Another limitation is that tamoxifen therapy was not randomly assigned in the studies we considered. In studies 9344 and 9741, almost all ER-positive patients received tamoxifen, and we compared ER-positive patients who received tamoxifen with ER-negative patients. In a separate analysis of study 8541, the benefit of more intensive chemotherapy was similar in ER-positive patients not
treated with tamoxifen and in ER-negative patients. There may have been a bias in the assignment of tamoxifen in study 8541; however, with the exception of menopausal status, the most important determinant of tamoxifen use was time, with much greater use after the announcement of the Oxford Overview results in 1988.32
Multiple comparisons are a concern in any subgroup analysis: examining enough subgroups will identify spurious treatment correlations, with the effects tending to be stronger with greater numbers of subgroups examined.33,34
Subgroup analyses based on hypotheses established from previous trials are less problematic. In our study, the three trials independently show the same effect. Viewing one study as hypothesis-generating leaves the other two as confirmatory. The fact that the specific chemotherapy question differed across the three trials is an important consideration but may not be relevant. Our analysis suggests that the biologic subtype of breast cancer is the most important predictor of the benefits of an improved chemotherapy regimen, regardless of the specific regimen.

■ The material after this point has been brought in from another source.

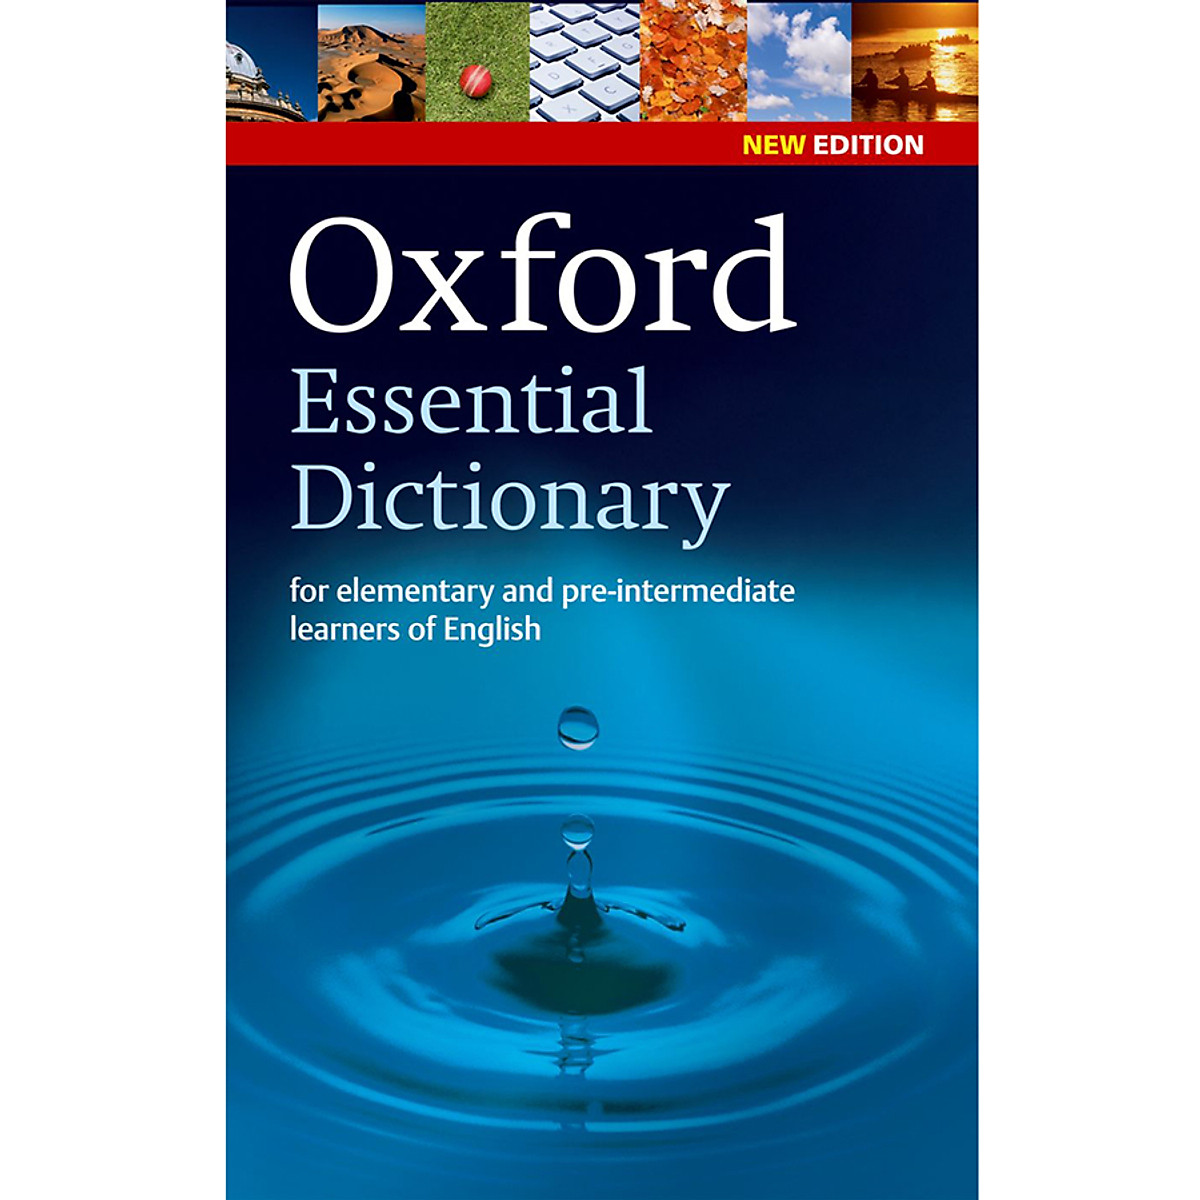 Oxford Essential Dictionary (New Edition)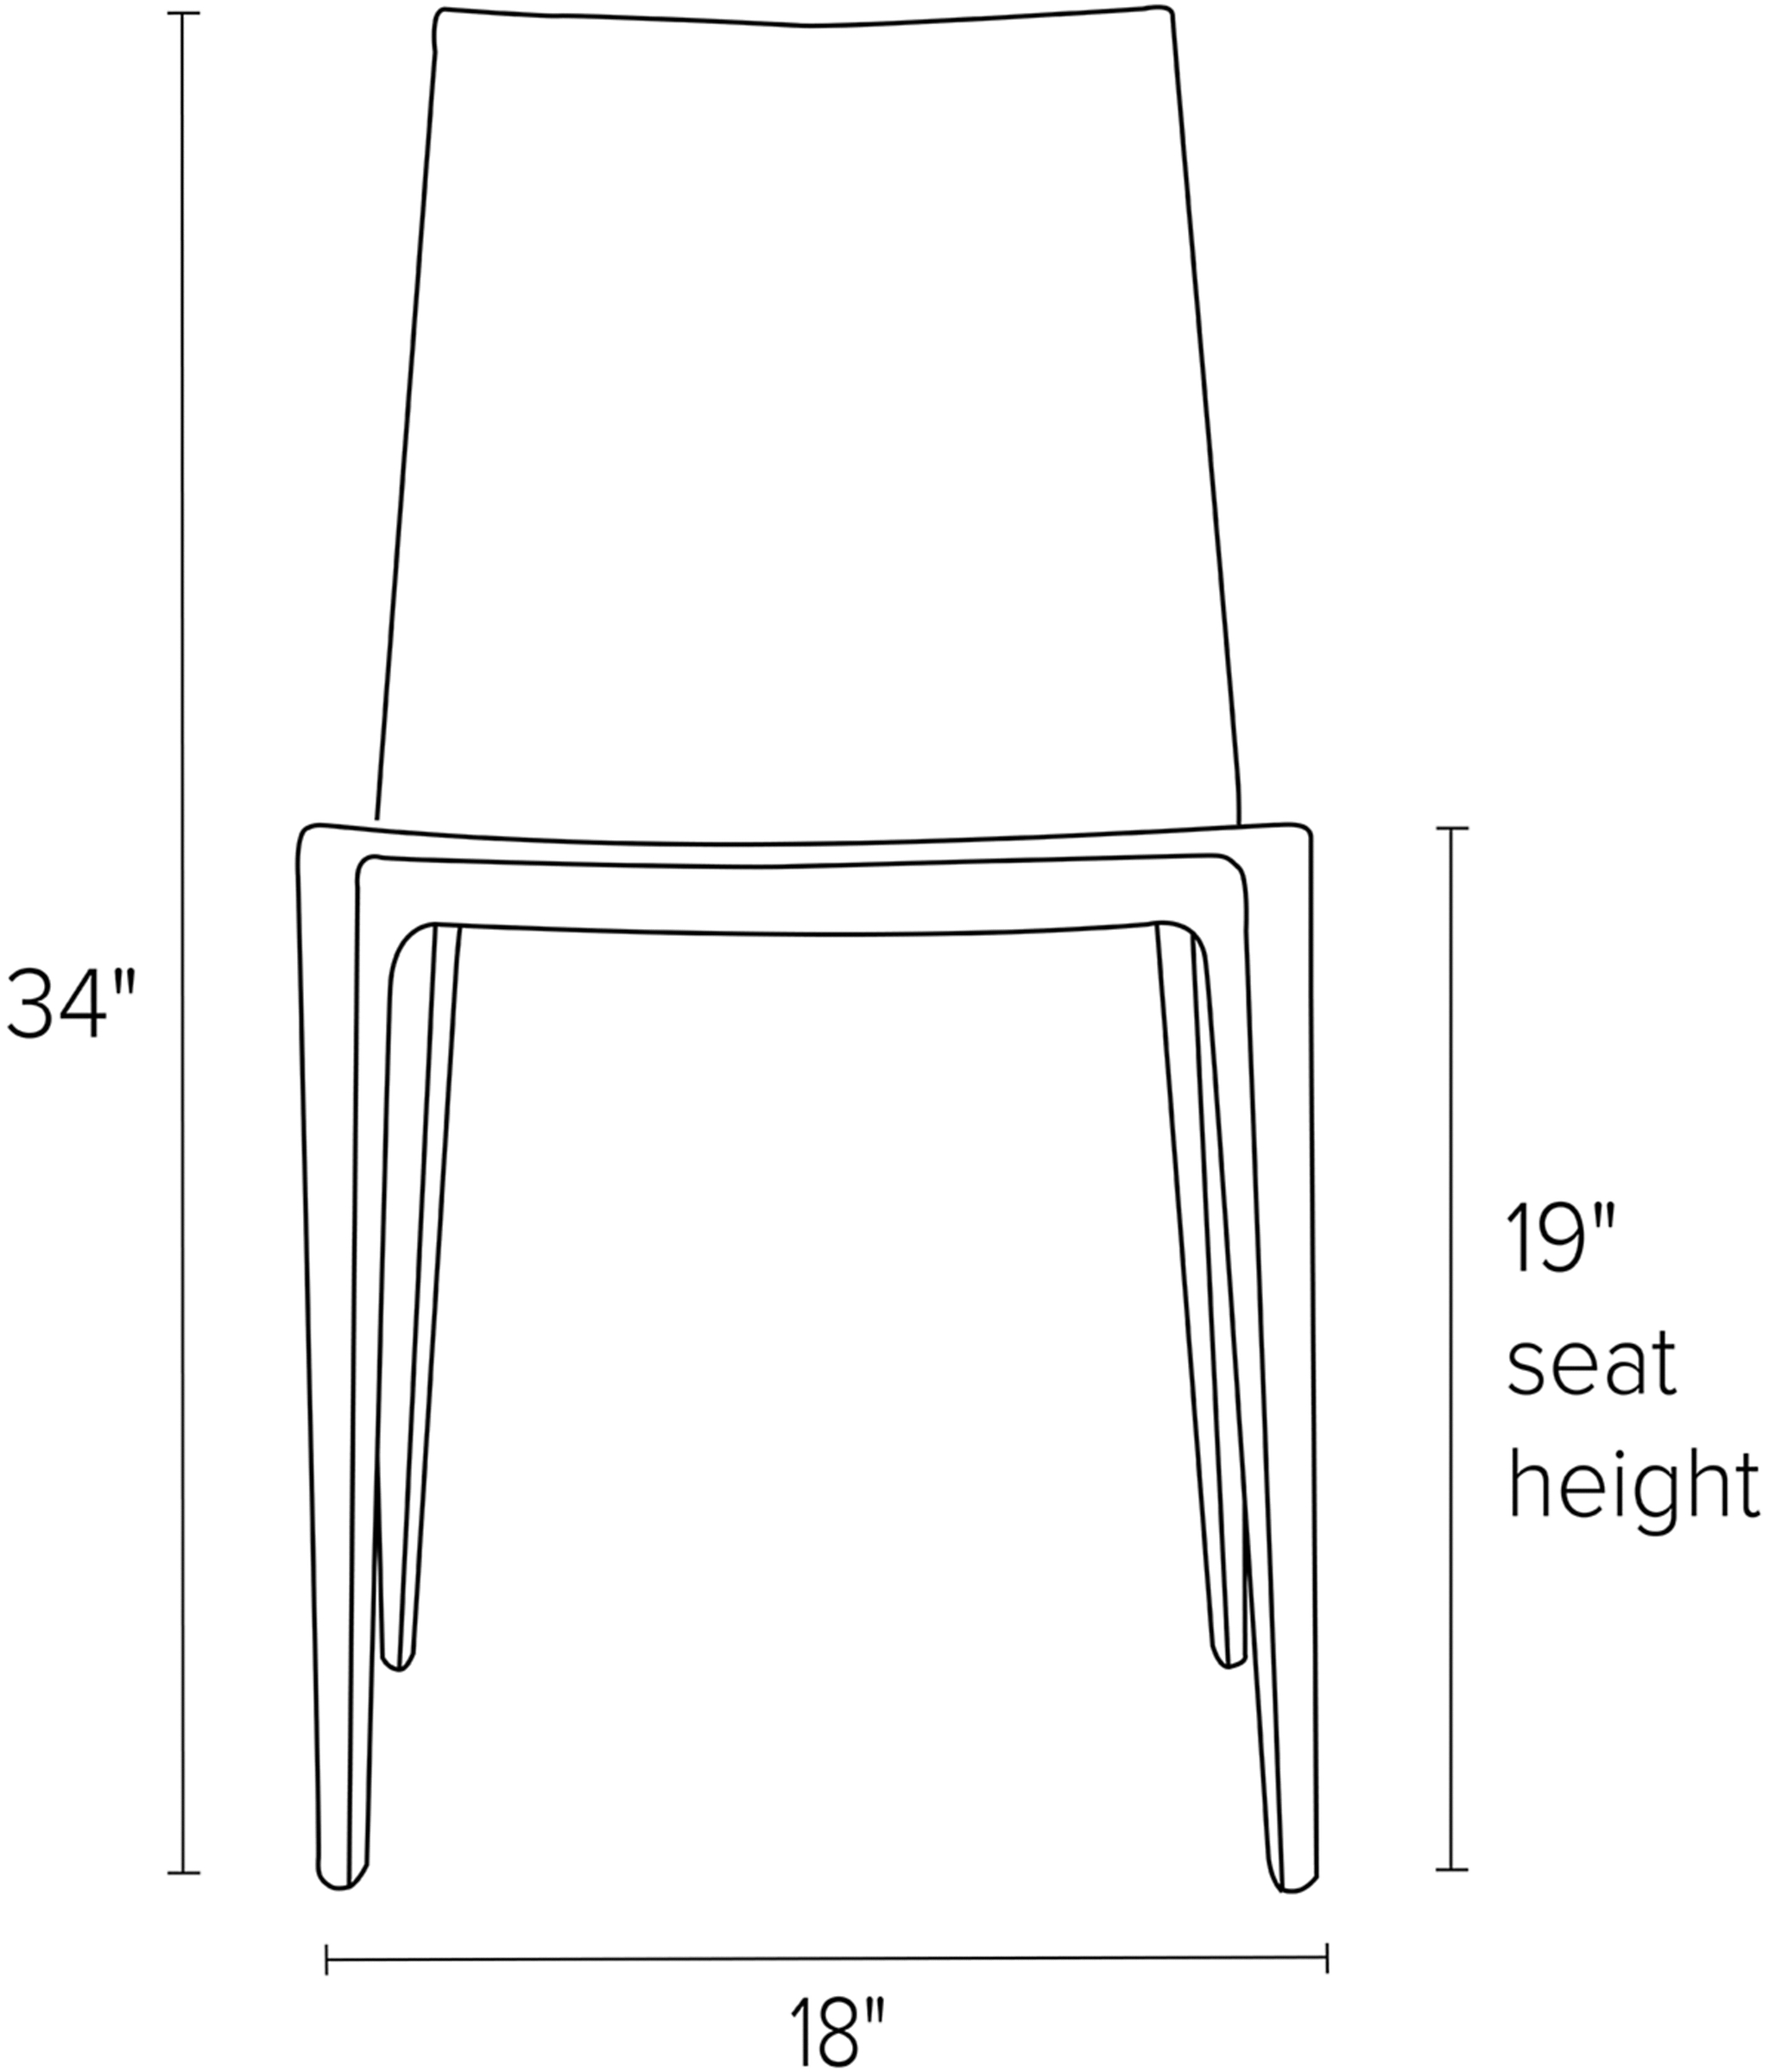 Front view dimension illustration of Bellini chair.

Our study has two substantive clinical implications. First, although patients with ER-positive breast tumors may reasonably opt for chemotherapy, they should recognize that the benefits are not great as compared with those for patients with ER-negative disease. The benefits of intensive and extensive chemotherapy for unselected patients who have ER-positive disease treated with tamoxifen are modest at best. Whether such patients should opt for chemotherapy will depend on their attitudes toward the associated negative sequelae. In the years ahead, it is likely that we will have better predictors that will allow clinicians to determine which patients with ER-positive disease truly benefit from the addition of chemotherapy.25,26
Second, with advances in chemotherapy, patients with ER-negative tumors have had sequentially improved outcomes, and their prognoses now approach those of optimally treated patients with ER-positive disease. For patients with ER-negative disease, the overall disease-free survival and overall survival benefits of modern intensive and extensive chemotherapy considered in our study are substantial.